12. The method recited in claim 11, wherein the step of locating
further includes spacing the casing element from the bladder.
13. The method recited in claim 12, wherein the step of injecting
includes locating the polymer foam material between the casing
element and the bladder.
14. The method recited in claim 10, wherein the step of locating
includes positioning a plurality of panels within the mold and
spacing the panels from the bladder.
15. The method recited in claim 14, wherein the step of injecting
includes locating the polymer foam material between the panels and
the bladder.
16. A method of manufacturing a sport ball, the method comprising:
locating a bladder and a casing element within a mold, at least a
portion of a surface of the casing element being spaced from the
bladder; and injecting a polymer foam material into the mold and
between the bladder and the casing element.
17. The method recited in claim 16, wherein the step of injecting
includes bonding the polymer foam material to surfaces of the
casing element and the bladder.
18. A method of manufacturing a sport ball, the method comprising:
forming a casing of the sport ball from panel elements that include
a thermoplastic polymer material; and heatbonding edges of the
panel elements to each other to join the panel elements.
19. The method recited in claim 18, wherein the step of heatbonding
includes utilizing radio frequency energy to heat the edges of the
panel elements.
20. The method recited in claim 18, further including a step of
forming indentations in the casing at the edges of the panel
elements.
21. A method of manufacturing a sport ball, the method comprising:
locating a plurality of panels adjacent to each other; and heating
edges of the panels with radio frequency energy to join the
panels.
22. A method of manufacturing a sport ball, the method comprising:
positioning a plurality of panel blanks adjacent to each other, the
panel blanks including a panel area and a flange area; compressing
and heating the flange areas from adjacent panel blanks to join the
flange areas to each other; and removing excess portions of the
flange areas.
23. The method recited in claim 22, further including a step of
incorporating a thermoplastic polymer material into the panel
blanks.
24. The method recited in claim 22, wherein the step of compressing
and heating includes utilizing radio frequency energy to heat the
flange areas.
25. The method recited in claim 22, further including a step of
forming indentations in areas where the flange areas are joined to
each other.
Description
BACKGROUND
[0001] A variety of inflatable sport balls, such as a soccer ball,
conventionally exhibit a layered structure that includes a casing,
an intermediate layer, and an inflatable bladder.
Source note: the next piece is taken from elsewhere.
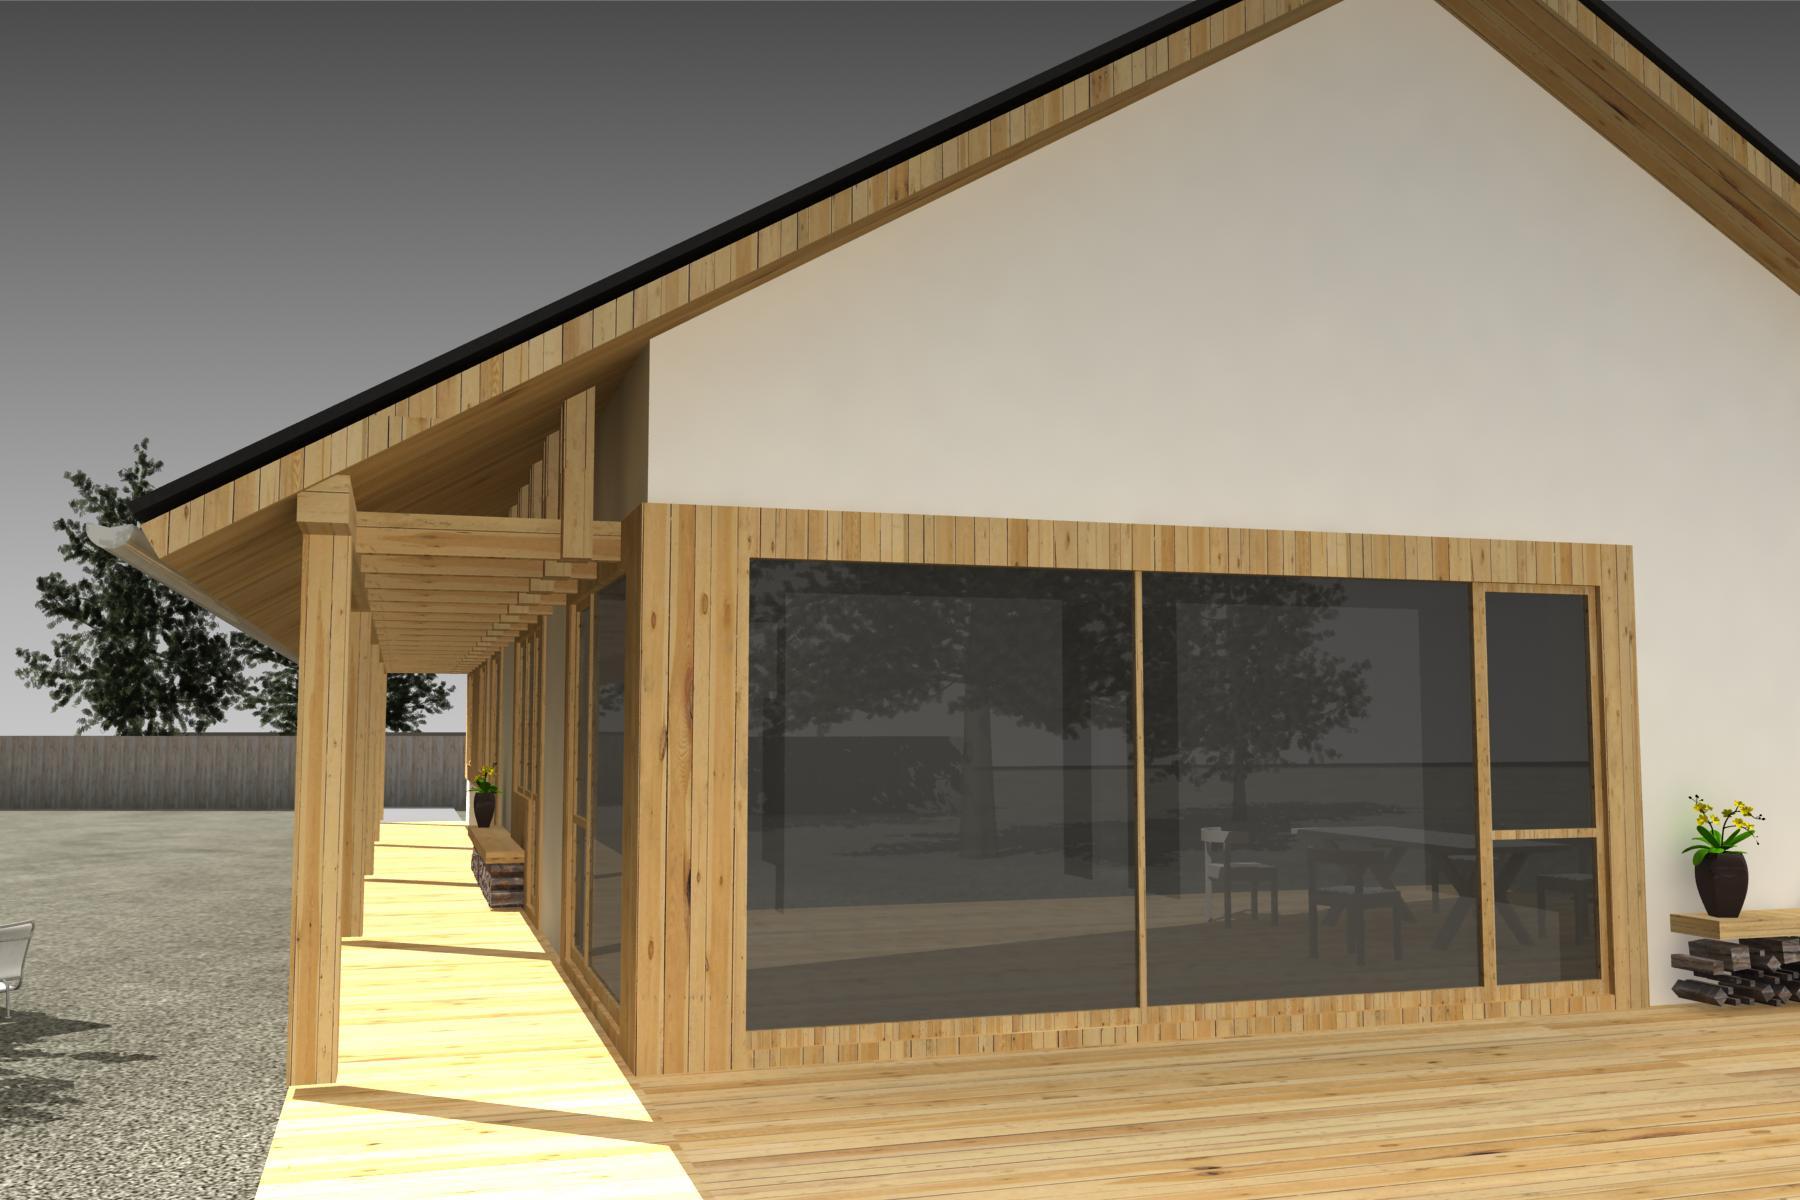 Projekt stavby rodinného domu III 04

The casing forms
an exterior layer of the sport ball and is generally formed from a
plurality of durable, wear-resistant panels joined together along
abutting edges (e.g., with stitching or adhesives). Although panel
configurations may vary significantly, the casing of a traditional
soccer ball includes thirty-two panels, twelve of which have a
pentagonal shape and twenty of which have a hexagonal shape. The
intermediate layer forms a middle layer of the sport ball and is
positioned between the bladder and the casing. The bladder, which
has an inflatable configuration, is located within the intermediate
layer to provide an inner layer of the sport ball. In order to
facilitate inflation (i.e., with air), the bladder generally
includes a valved opening that extends through each of the
intermediate layer and casing, thereby being accessible from an
exterior of the sport ball.
[0002] The intermediate layer of a conventional sport ball may have
a variety of configurations. As an example, a conventional
intermediate layer may be formed from multiple material layers that
include (a) a compressible foam layer located adjacent to the
casing to impart a softened feel to the sport ball, (b) a rubber
layer that imparts energy return, (c) a textile layer with a
limited degree of stretch in order to restrict expansion of the
bladder, and (d) multiple adhesive layers that extend between and
join the foam, rubber, and textile layers. Although the
intermediate layers of some sport balls incorporate each of these
layers, one or more of these layers may be absent. Moreover, the
configuration of the individual layers may vary significantly. For
example, the textile layer may be formed from (a) a plurality of
generally flat or planar textile elements that are stitched
together, (b) a thread, yarn, or filament that is repeatedly wound
around the bladder in various directions to form a mesh, or (c) a
plurality of generally flat or planar textile strips that are
impregnated with latex and placed in an overlapping configuration
around the bladder. The various layers of the intermediate layer
may also be bonded, joined, or otherwise incorporated into the
casing as a backing material.
SUMMARY
[0003] A sport ball may include a casing, an intermediate layer,
and a bladder. The casing forms at least a portion of an exterior
surface of the ball. The intermediate layer is at least partially
formed from a foam material located adjacent to the casing and
within the casing. The bladder has an inflatable configuration and
is located adjacent to the intermediate layer and within the
intermediate layer. The foam material of the intermediate layer may
be bonded to each of the casing and the bladder.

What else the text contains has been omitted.